Lord Rufford married Miss
Penge of course, and used the lady's fortune in buying the property
of Sir John Purefoy. We may probably be safe in saying that the
acquisition added very little to his happiness. What difference can
it make to a man whether he has forty or fifty thousand pounds a
year,--or at any rate to such a man? Perhaps Miss Penge herself was
an acquisition. He did not hunt so often or shoot so much, and was
seen in church once at least on every Sunday. In a very short time
his friends perceived that a very great change had come over him.
He was growing fat, and soon disliked the trouble of getting up
early to go to a distant meet; and, before a year or two had passed
away, it had become an understood thing that in country houses he
was not one of the men who went down at night into the smoking-room
in a short dressing-coat and a picturesque cap.

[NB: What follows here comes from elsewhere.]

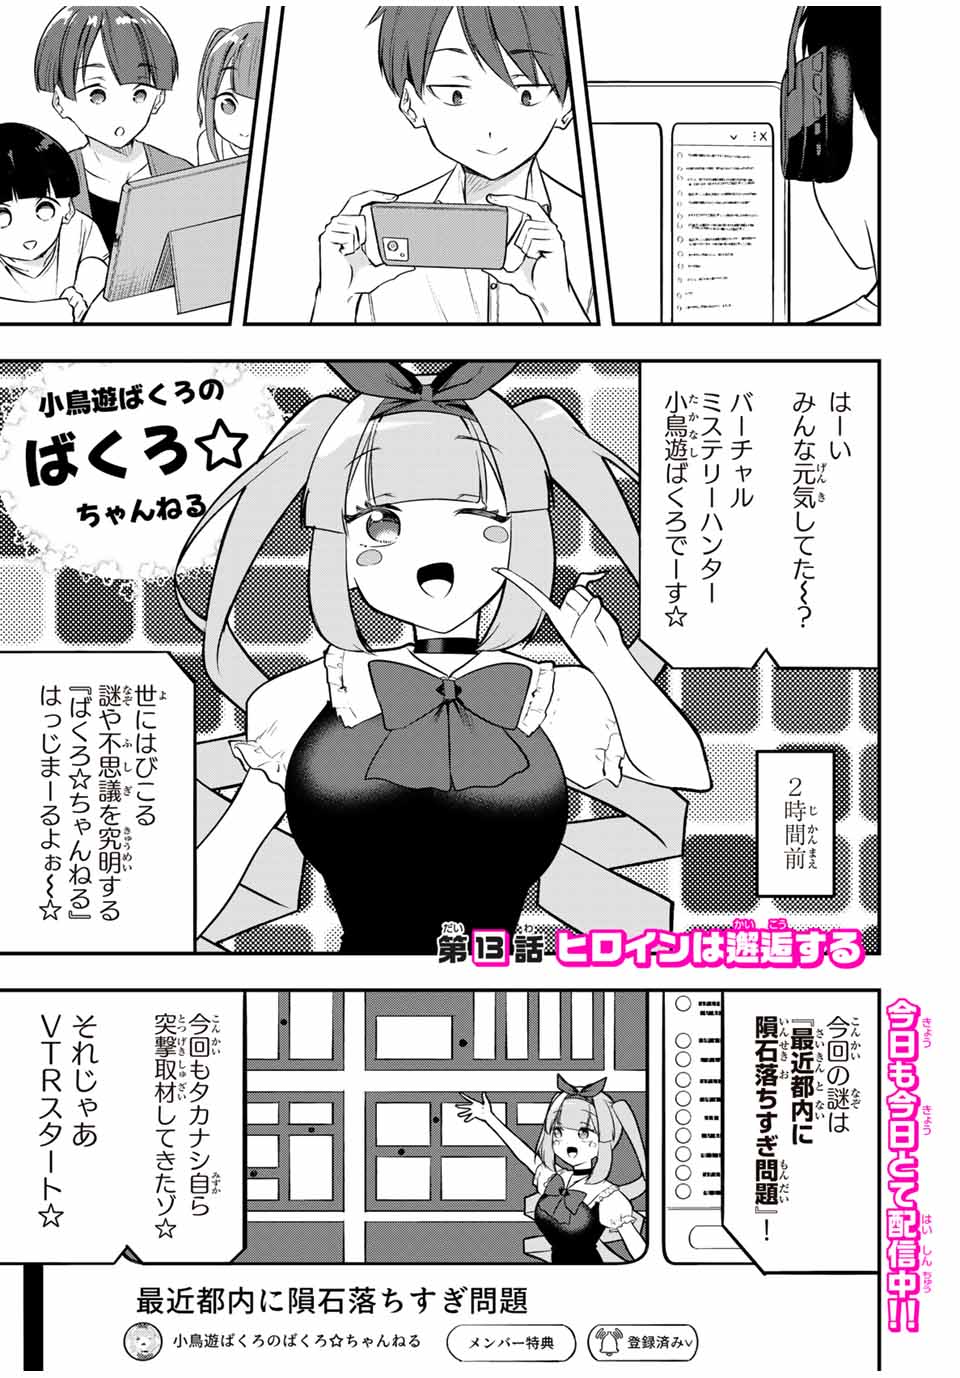 Heroine wa xx Okasegitai - Chapter 13 - Page 1
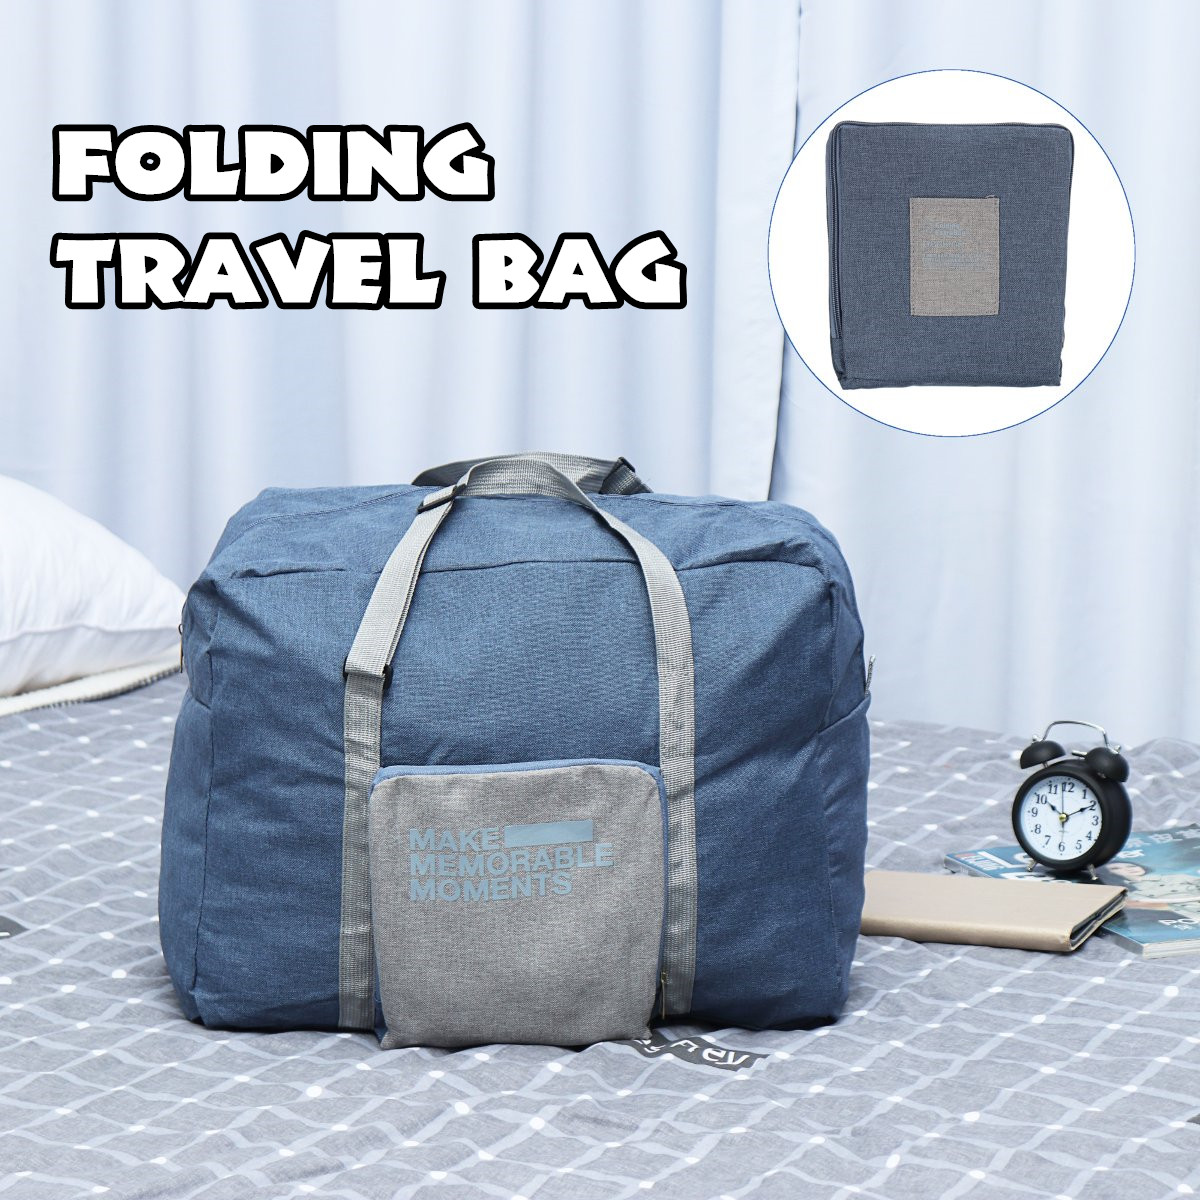 Travel-Waterproof-Bag-Luggage-Wardrobe-Suit-Dress-Garment-Carrier-Suiter-Case-Suitbag-Cover-Bag-1587166-1

Miss Penge had done
all this. He had had his period of pleasure, and no doubt the
change was desirable;--but he sometimes thought with regret of the
promise Arabella Trefoil had made him, that she would never
interfere with his gratification.
At Dillsborough everything during the summer after the Squire's
marriage fell back into its usual routine. The greatest change made
there was in the residence of the attorney, who with his family
went over to live at Hoppet Hall, giving up his old house to a
young man from Norrington, who had become his partner, but keeping
the old office for his business.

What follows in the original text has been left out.